The Kitchen Reader: The Sweet Life by David Lebovitz

August 31, 2009

This month’s reading selection for The Kitchen Reader is The Sweet Life in Paris by David Lebovitz.

I didn’t know a whole lot about David Lebovitz before reading this book. I knew that he worked at Chez Panisse, that he now lives in Paris, and that he’s written several dessert cookbooks. After reading the book, I found out why he moved to Paris and I “got to know” him. And I’m glad I did, because he’s a very funny guy and he showed me a side of Paris that I haven’t seen, and probably never will. Yes, he pokes fun at the way of life in Paris, but not in a rude way. The book is a journey through his adjustment to living in Paris, it’s full of humor and, of course, recipes.

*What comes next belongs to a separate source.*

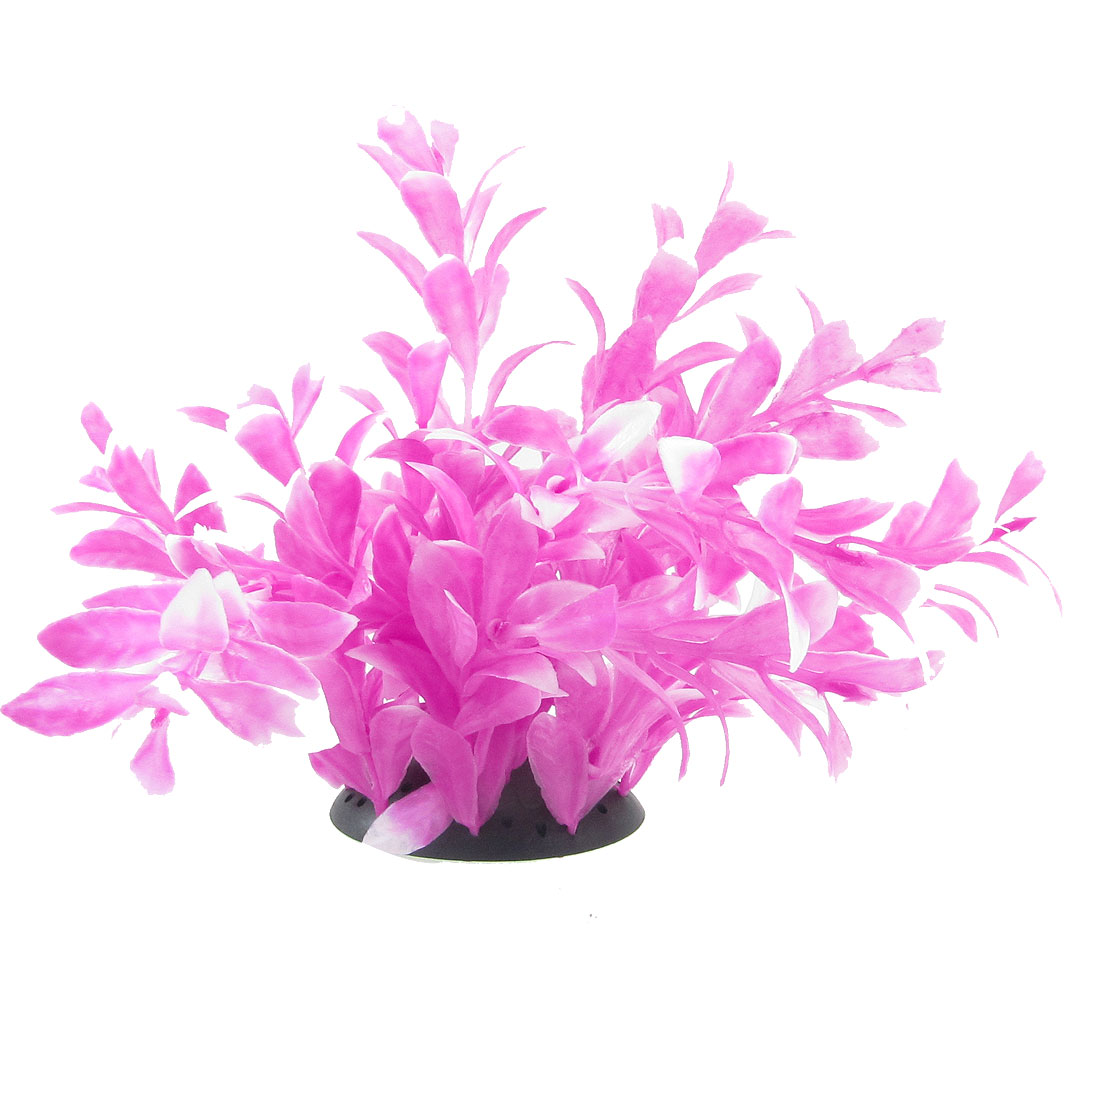 "7.1"" Fuchsia Plastic Fish Tank Aquarium Ornament Plant w Base"

The book is set up with a chapter on a topic followed by some recipes that are loosely tied into that topic. I felt like he was giving us recipes that he really wanted to share; not trying to pick out recipes that would be a perfect fit for the chapter. He covers food-related topics, such as the kitchen in his apartment, grocery shopping in Paris, and drinking coffee in Paris (which includes a section on how to order coffee to get what you want: I’ve battled with this myself, so if I ever get back to Paris, I’ll bring his cheat sheet!). Living in Paris isn’t all about the food, so he discusses dressing like a Parisian, French healthcare, and lots of information on shopping, from how to stand in line (or how to not stand in line), his trials and tribulations at BHV, the main department store/hardware store, and how Parisian salespeople are different than American salespeople.

The book is sprinkled with his humorous battles with the French language and Lebovitz laughing at himself for the predicaments he’s gotten himself into. My favorite was when he was told to go into a changing room and take off everything but his underwear; however he thought he was told to take everything off including his underwear! Thankfully, that’s not a situation most of us would get into on a vacation in Paris.

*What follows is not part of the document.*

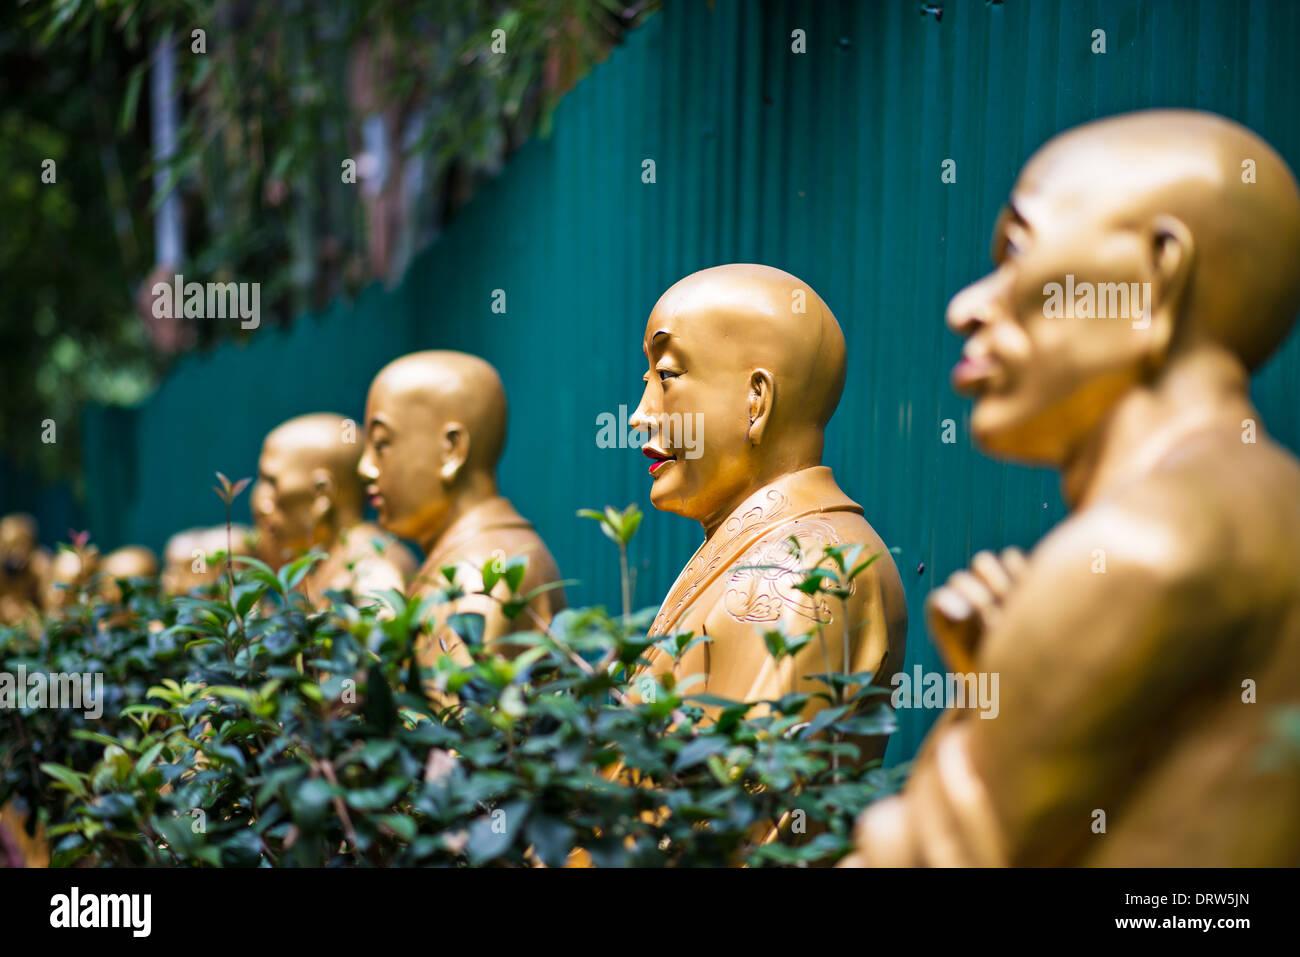 Buddha statues at Ten Thousand Buddhas Monastery in Hong Kong, China. - Stock Image

It’s worth getting to know David Lebovitz a little better, and there are so many ways you can do it: read this book, look at his website, follow him on Facebook (he posts lots of interesting food-related links as well as some funny links and updates). In the book, he makes it clear that’s he’s not real keen on having friends of friends of friends show up in Paris and expect to be shown around. His solution for that? He leads culinary tours in France and Paris! Sounds cool, but if that’s not in the plans for you, he provides a long list of his favorite addresses in the back of the book: restaurants, chocolate shops, bakeries, baking supplies, and yes, even orthopedic hosiery (you have to read the book to understand that one)!

Recipes I’d like to try that may show up on this blog someday:

  • Chocolate Yogurt Snack Cakes
  • Salted Butter Caramel Sauce
  • Chicken Mole
  • Peanut Slaw
  • Caramelized Apple Tart (low-fat)

Note to Kitchen Readers: I’m offline right now, so it may be a while before I get to your blogs. I apologize for the delay, but I will visit you when I can!


  1. This book was WONDERFUL!!!! I really didn’t know who David was until I started blogging, and I feel that this book really helped explain who he is and what he’s all about.

    That predicament with the underwear WAS the funniest thing that happened in the book!

    You wrote such a wonderful review…and I’m so glad that you enjoyed the book and that you’re part of the group!!!!!

  2. Hi Jill, I could only imagine how mortified both David and the woman in the underwear story were – and what were the two bits of paper for if not for preserving modesty?? Hmmmm… I really enjoyed this book too, and have bookmarked a number of the recipes.

  3. I just bought this book and am looking forward to trying the recipes! Having made a couple of his ice creams – I am thinking they will be very good and a lot of fun!

  4. David’s salted caramel sauce is amazing! Try it

  5. It was a great read. Witty and entertaining. And the recipes!!! Will definitely read this one again.

    We don’t realize how different these different countries are until someone else writes about actually living there.

  6. I think it’s great that David can laugh at himself, and even write about his experiences for others to read! It sounds as though you need a pretty good sense of humor to be an American living in Paris.

    I want to try more of the recipes, too. Especially the caramel sauce!

  7. This is on my list of library books to get and I’m looking forward to it. Definitely try Salted Butter Caramel Sauce!! You will NOT be sorry!

  8. I like his style of humor, it gives a nice pace to the reading and a light hearted feel. This is good because it helps me remember his points much better!